There’s a building permit from 1910 for a new building designed by Parr and Fee here. It was for E Gould, for a $10,000 building. We think that was Emma Gold, who we think had also developed the warehouse closer to us with the arched windows. It was completed before 1901 and as the Twigge block to the west of the Albion Hotel was built in 1898 it seems likely to be the 1890 ‘commercial block for Mrs. Gold adjoining the Albion Hotel’ designed by E A McCartney. Mrs Gold was Emma, the wife of Louis Gold, the owner of the Gold House Hotel across the street a block away. By 1910 Louis had died, and Mrs Gold was an active property developer in the city. An 1890 minute of City Council business confirms that Emma owned this lot, and was seeking confirmation of the site’s building line.
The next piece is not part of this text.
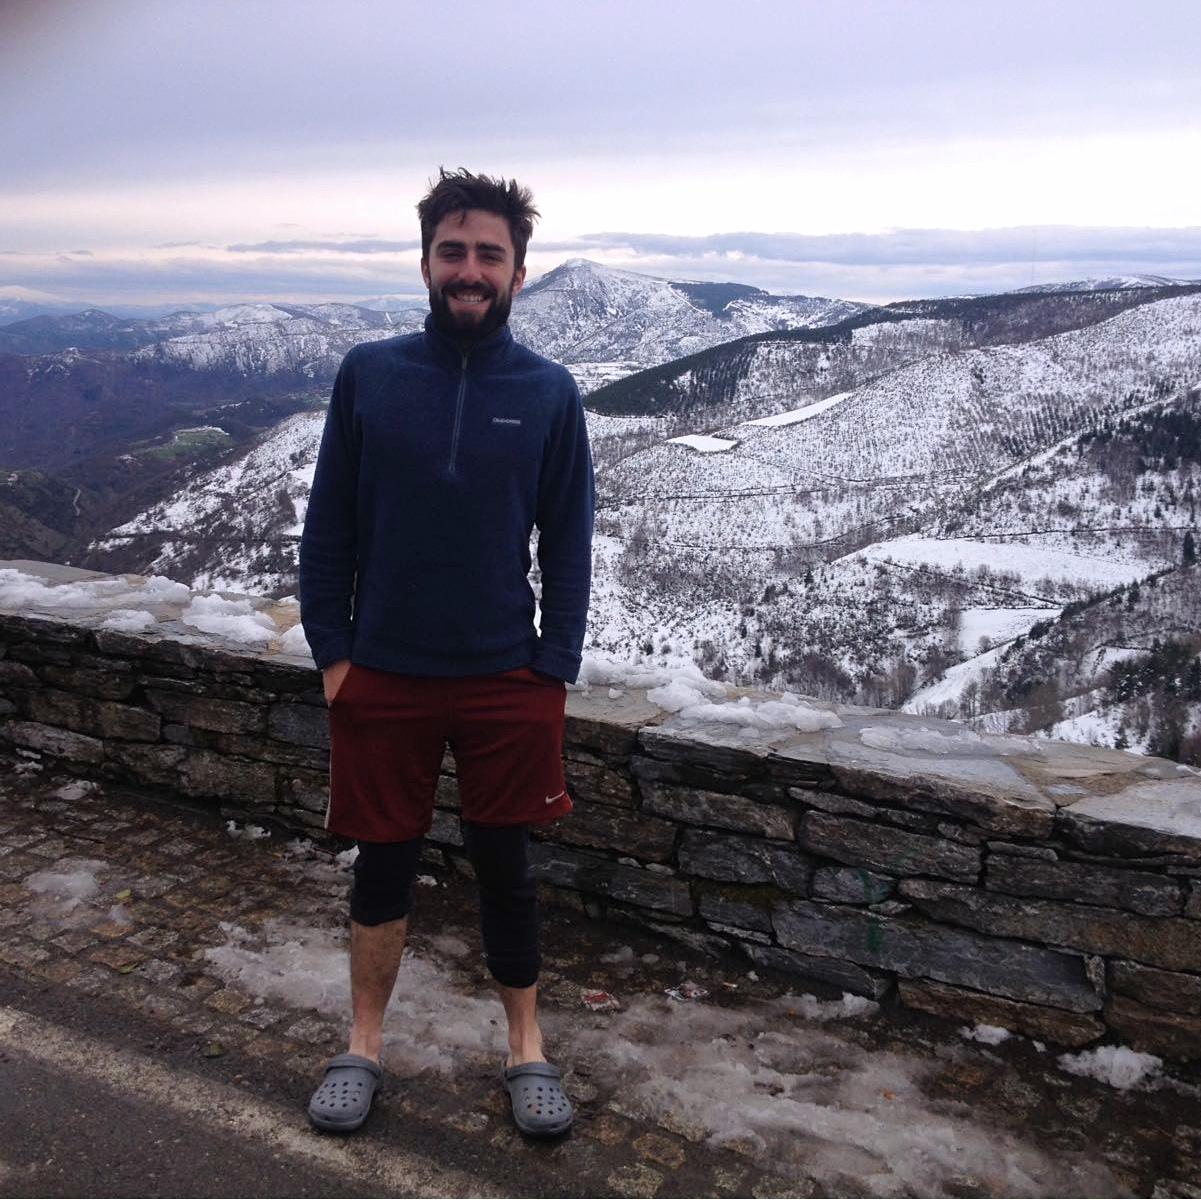 Daniel on Camino de Santiago de Compostela 2

The Heritage Statement for the building, 131 Water attributes it to Parr and Fee for Emma Gold, and calls it the F R Stewart Building, once Stewart’s moved a few doors to the east, Swartz Brothers, another wholesale food company replaced them. In 1920 they obtained a permit for a new $12,000 building designed by Gardiner & Mercer, but there’s a mid 1920s photograph showing the building faced with white glazed bricks, suggesting a Parr and Fee design, so the new owners seem to have made the best of the 1910 building rather than redeveloping.

Like the Royal Hotel, The Twigge building is still standing today. It was converted to residential uses on the upper floors in 1996 (with two extra floors added behind a setback, designed by Merrick Architects) and called ‘The Malkin’. Both the other buildings were replaced in 1974 by the Henriques and Todd designed ‘Gaslight Square‘ for Marathon Realty.